(Problem to solve): For the entries below, copy exactly the line that contains "Insatisfecho pase a" through the line that contains "Leather Travel Photo", both ends included, and exclude all pictures.

(Information provided):

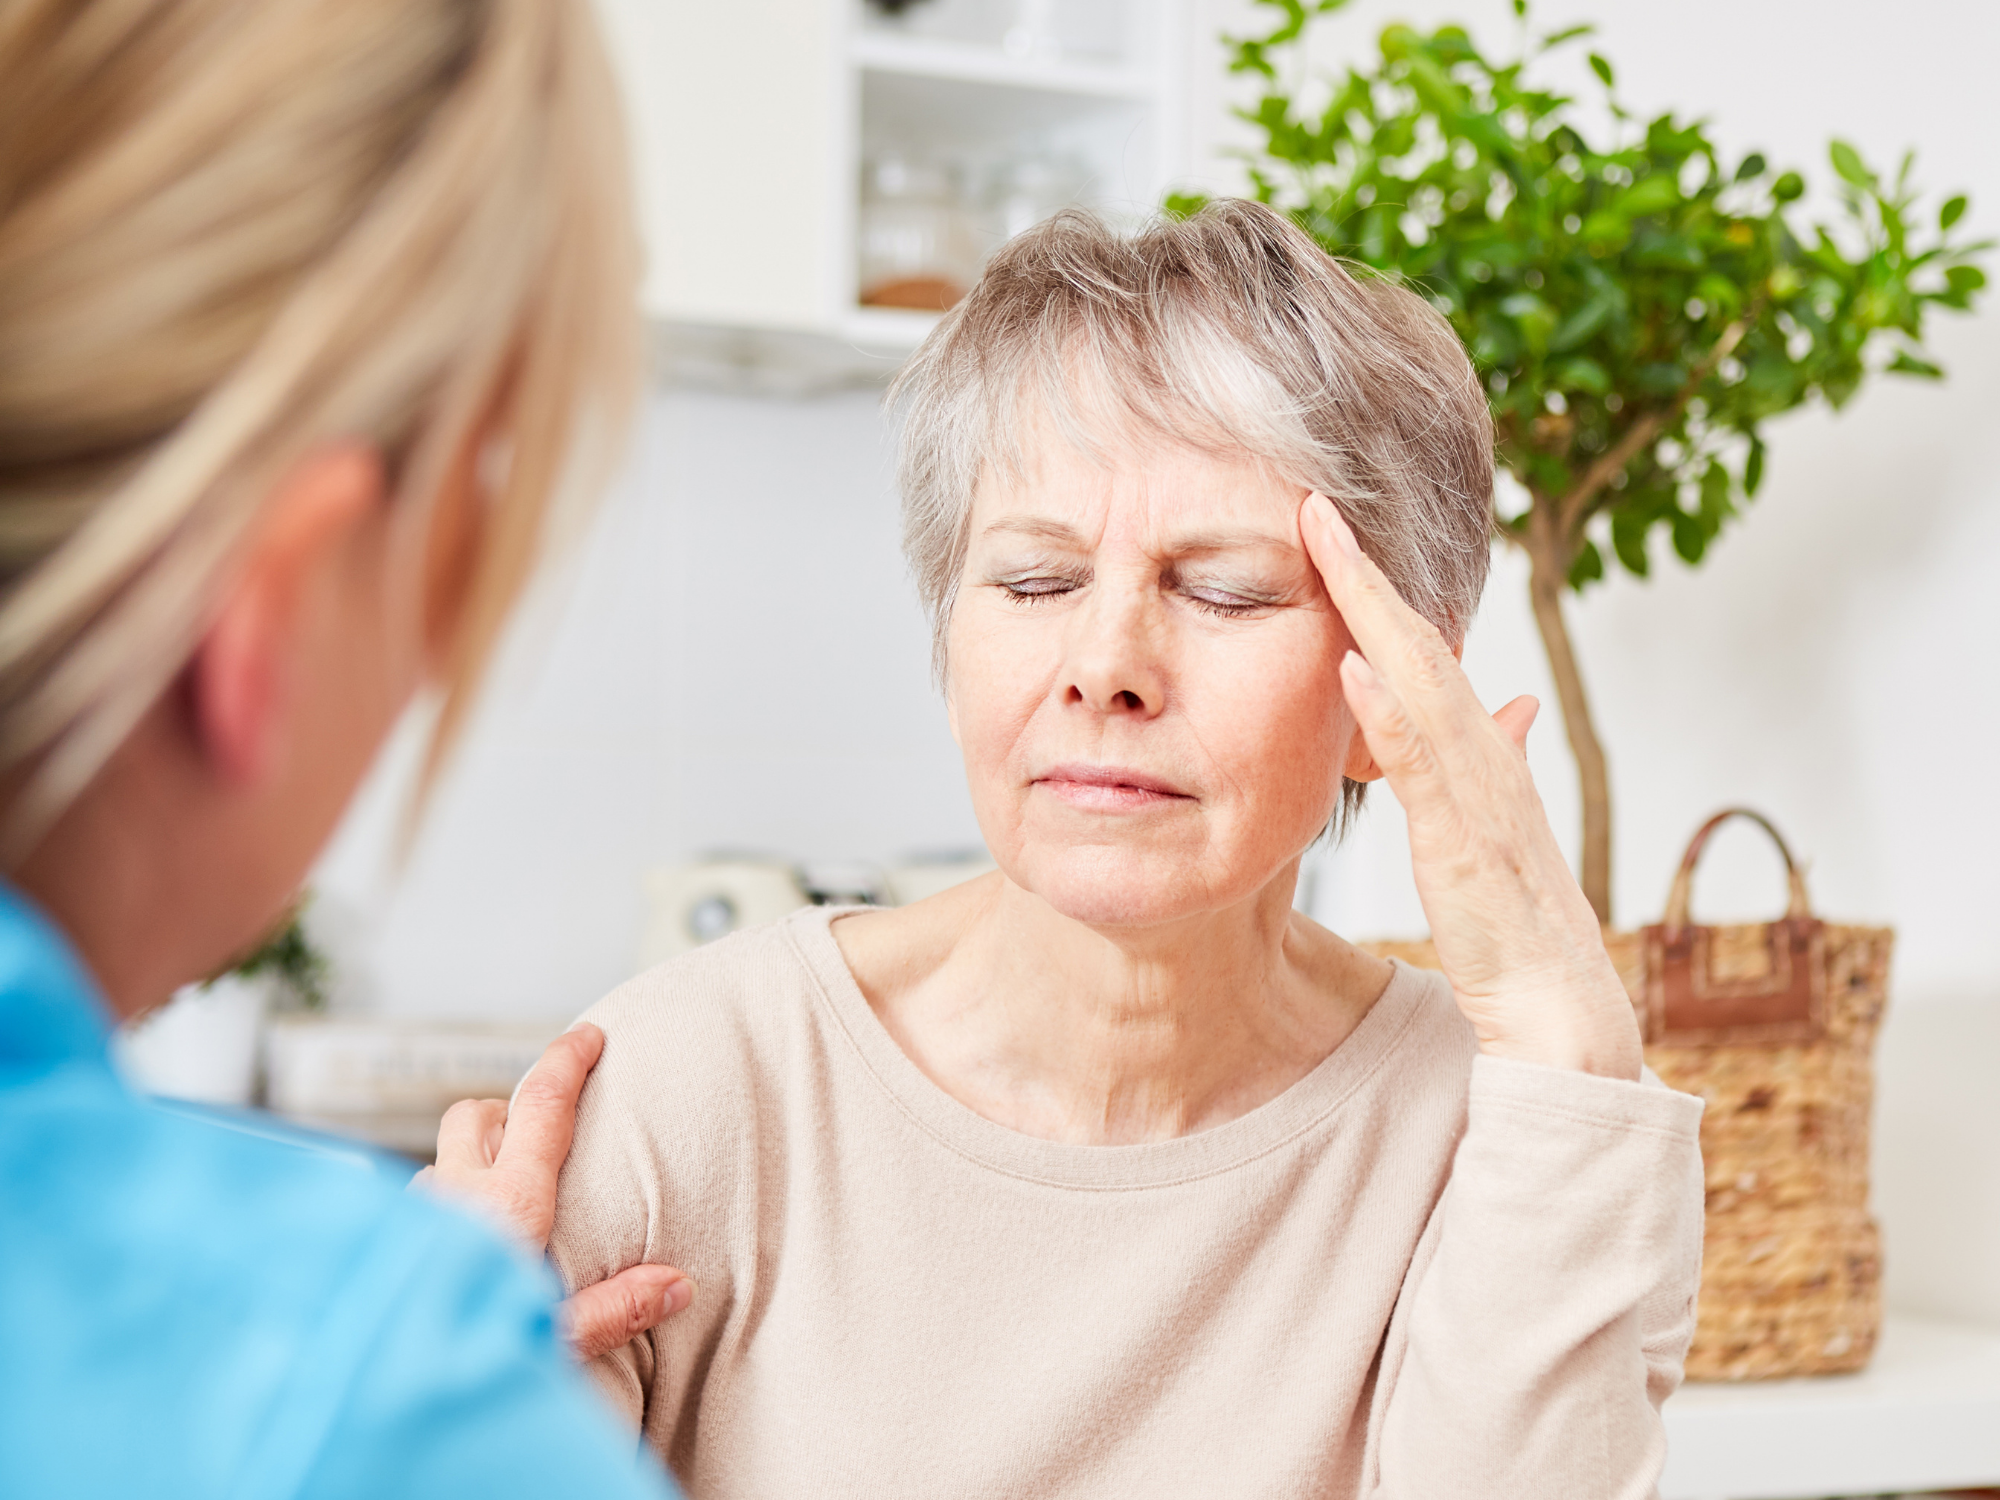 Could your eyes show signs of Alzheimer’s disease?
==
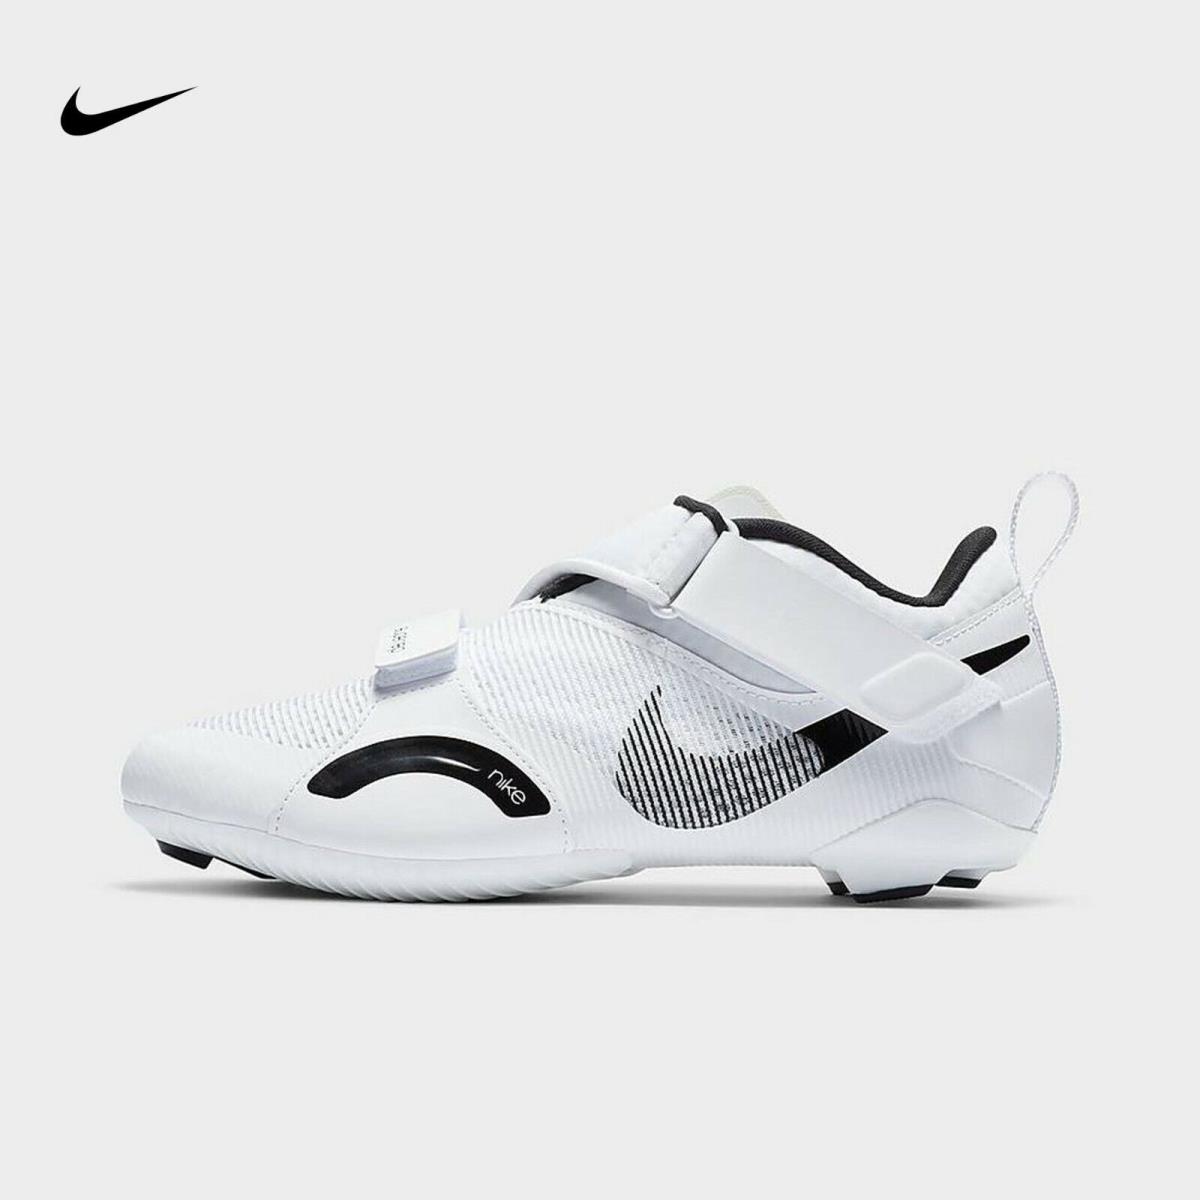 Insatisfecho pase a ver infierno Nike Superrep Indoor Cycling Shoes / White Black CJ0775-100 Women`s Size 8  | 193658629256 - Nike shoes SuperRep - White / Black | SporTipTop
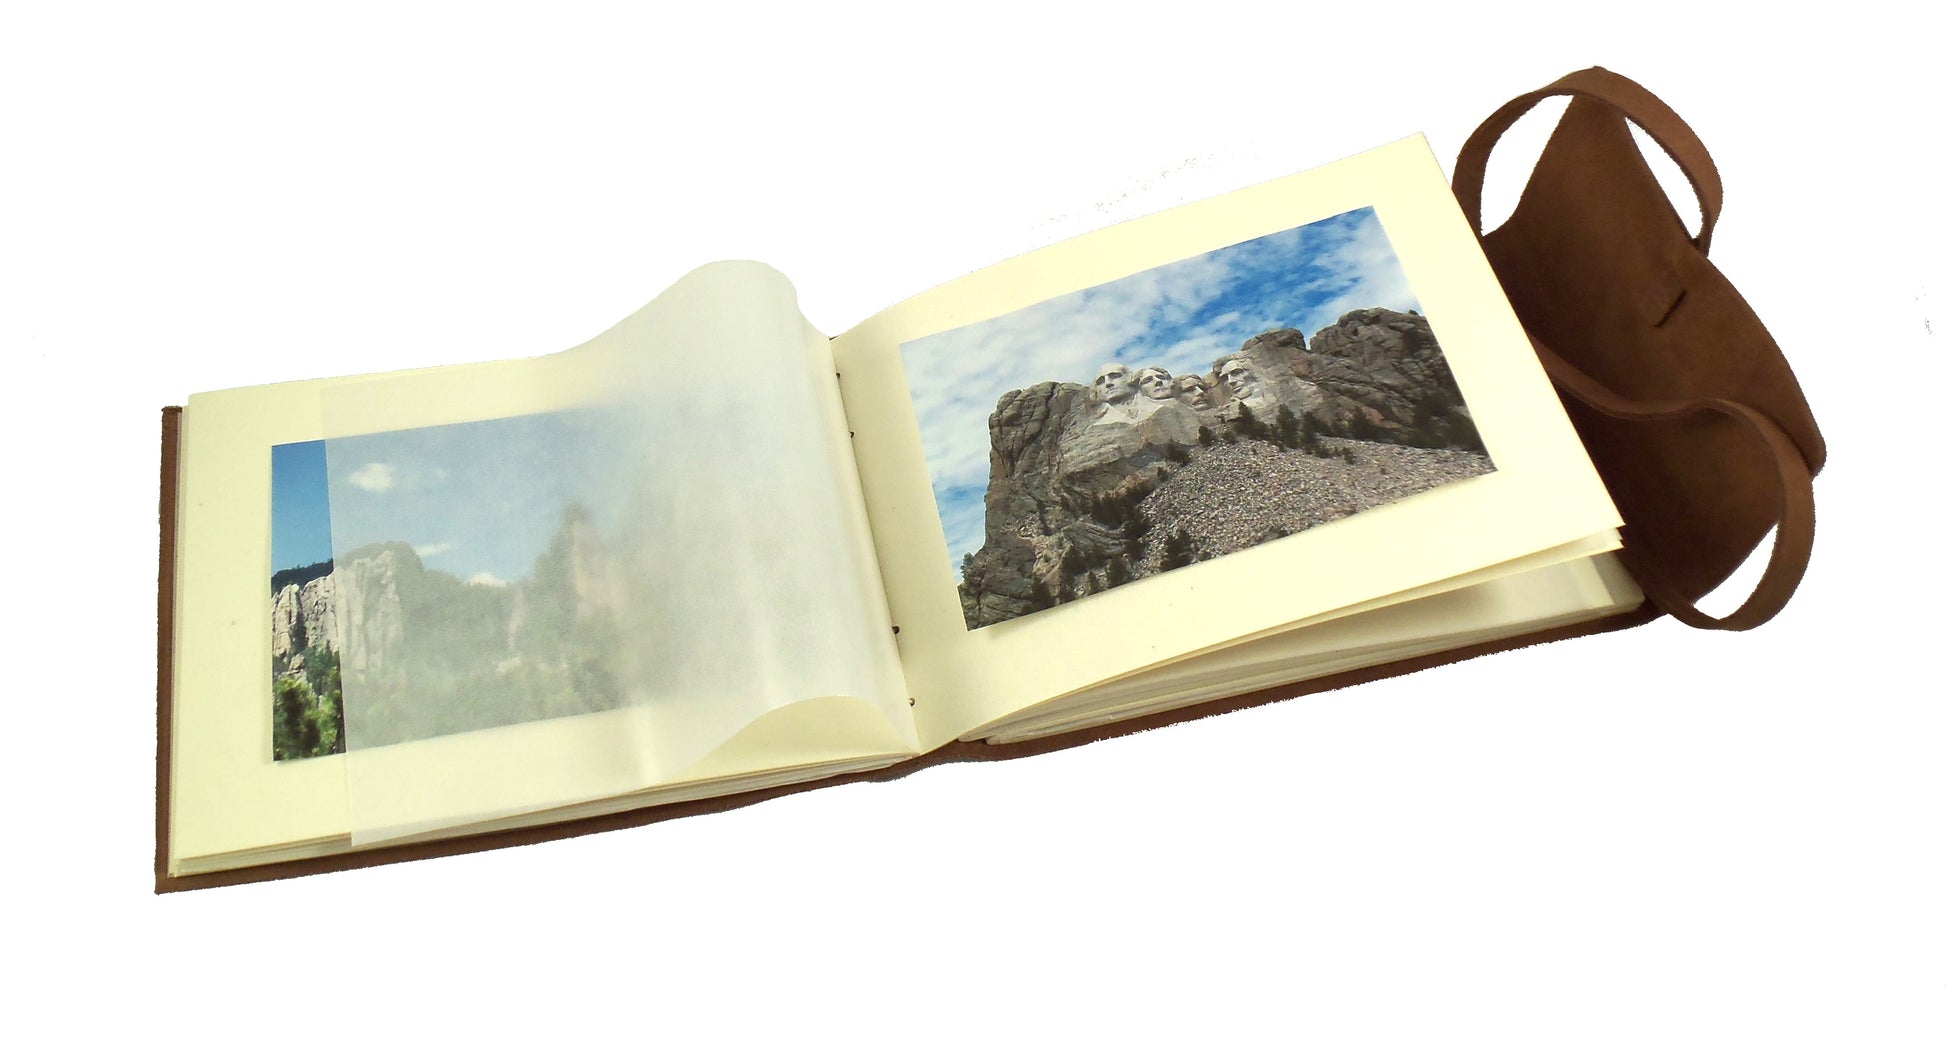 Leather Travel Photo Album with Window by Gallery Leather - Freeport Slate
--
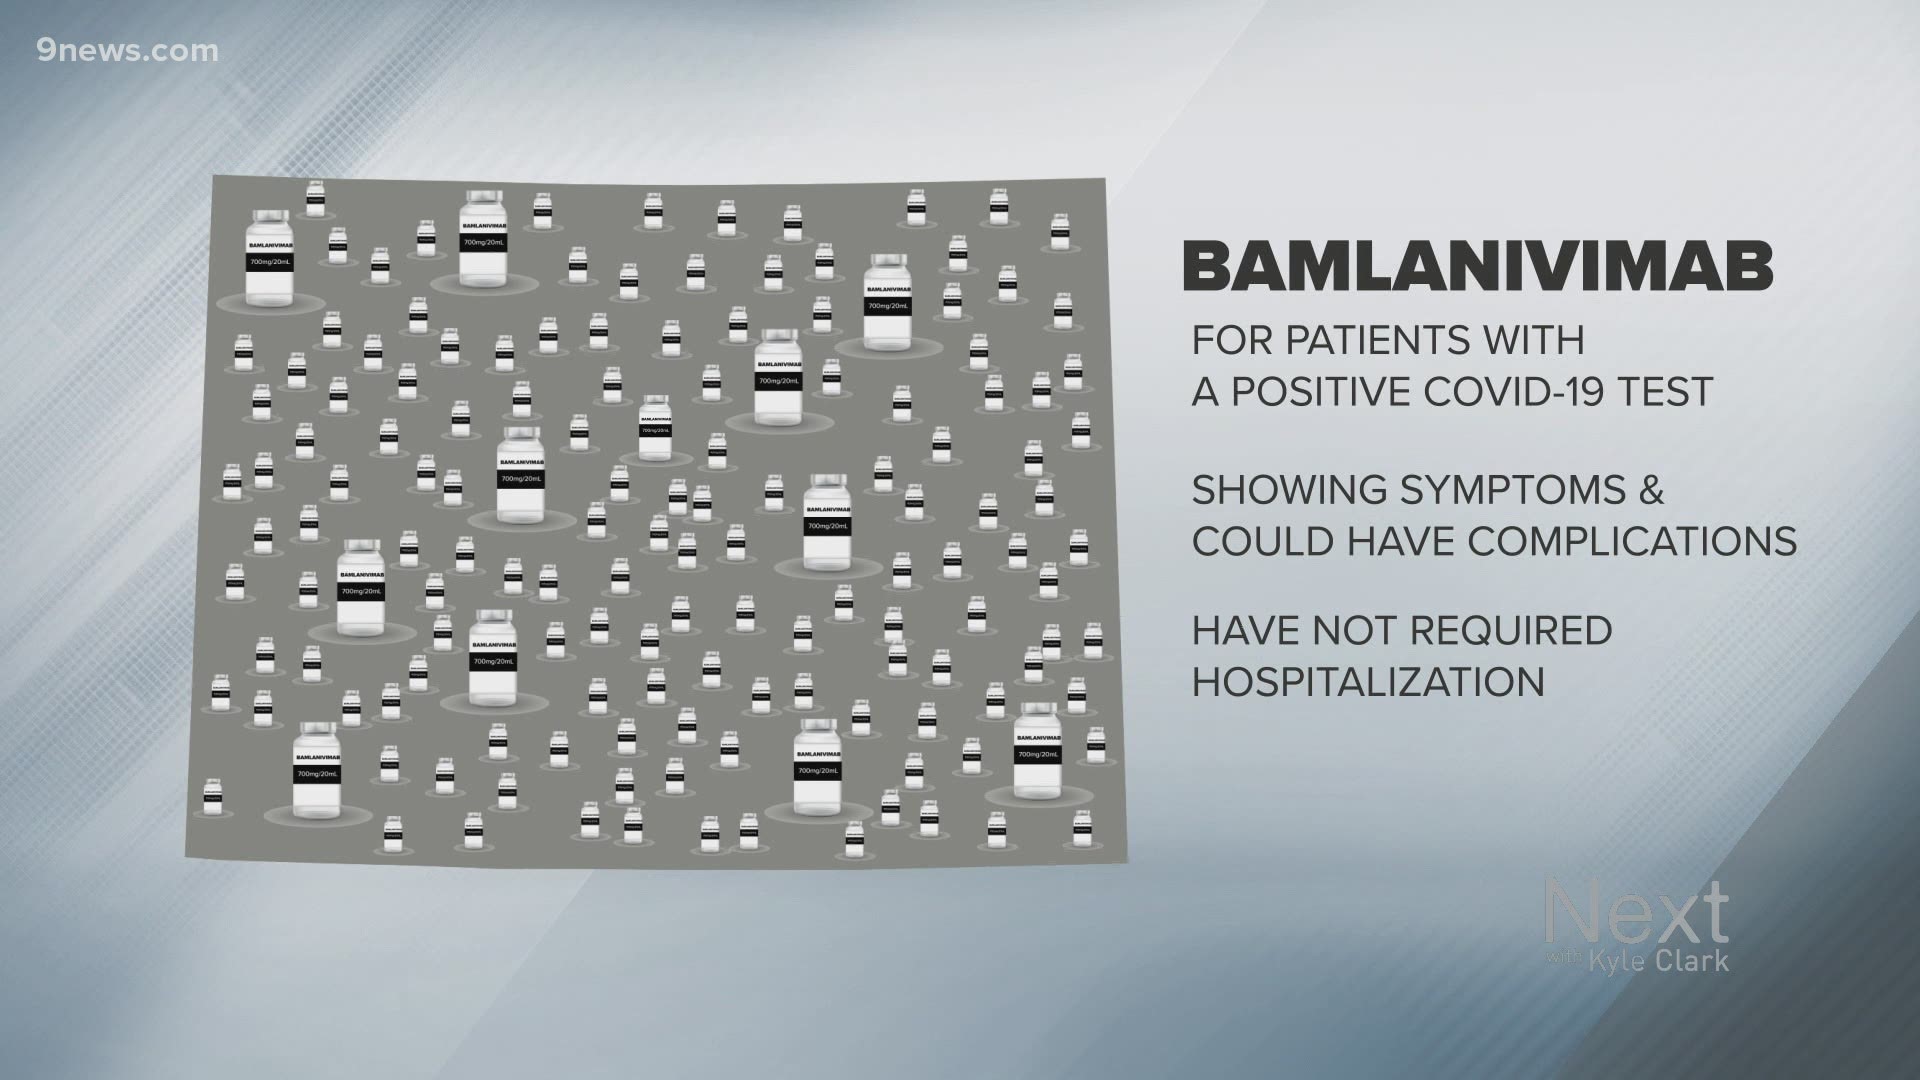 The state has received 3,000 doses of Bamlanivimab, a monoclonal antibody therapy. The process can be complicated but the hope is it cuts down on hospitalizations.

(Exercise response):
 Insatisfecho pase a ver infierno Nike Superrep Indoor Cycling Shoes / White Black CJ0775-100 Women`s Size 8  | 193658629256 - Nike shoes SuperRep - White / Black | SporTipTop
 Leather Travel Photo Album with Window by Gallery Leather - Freeport Slate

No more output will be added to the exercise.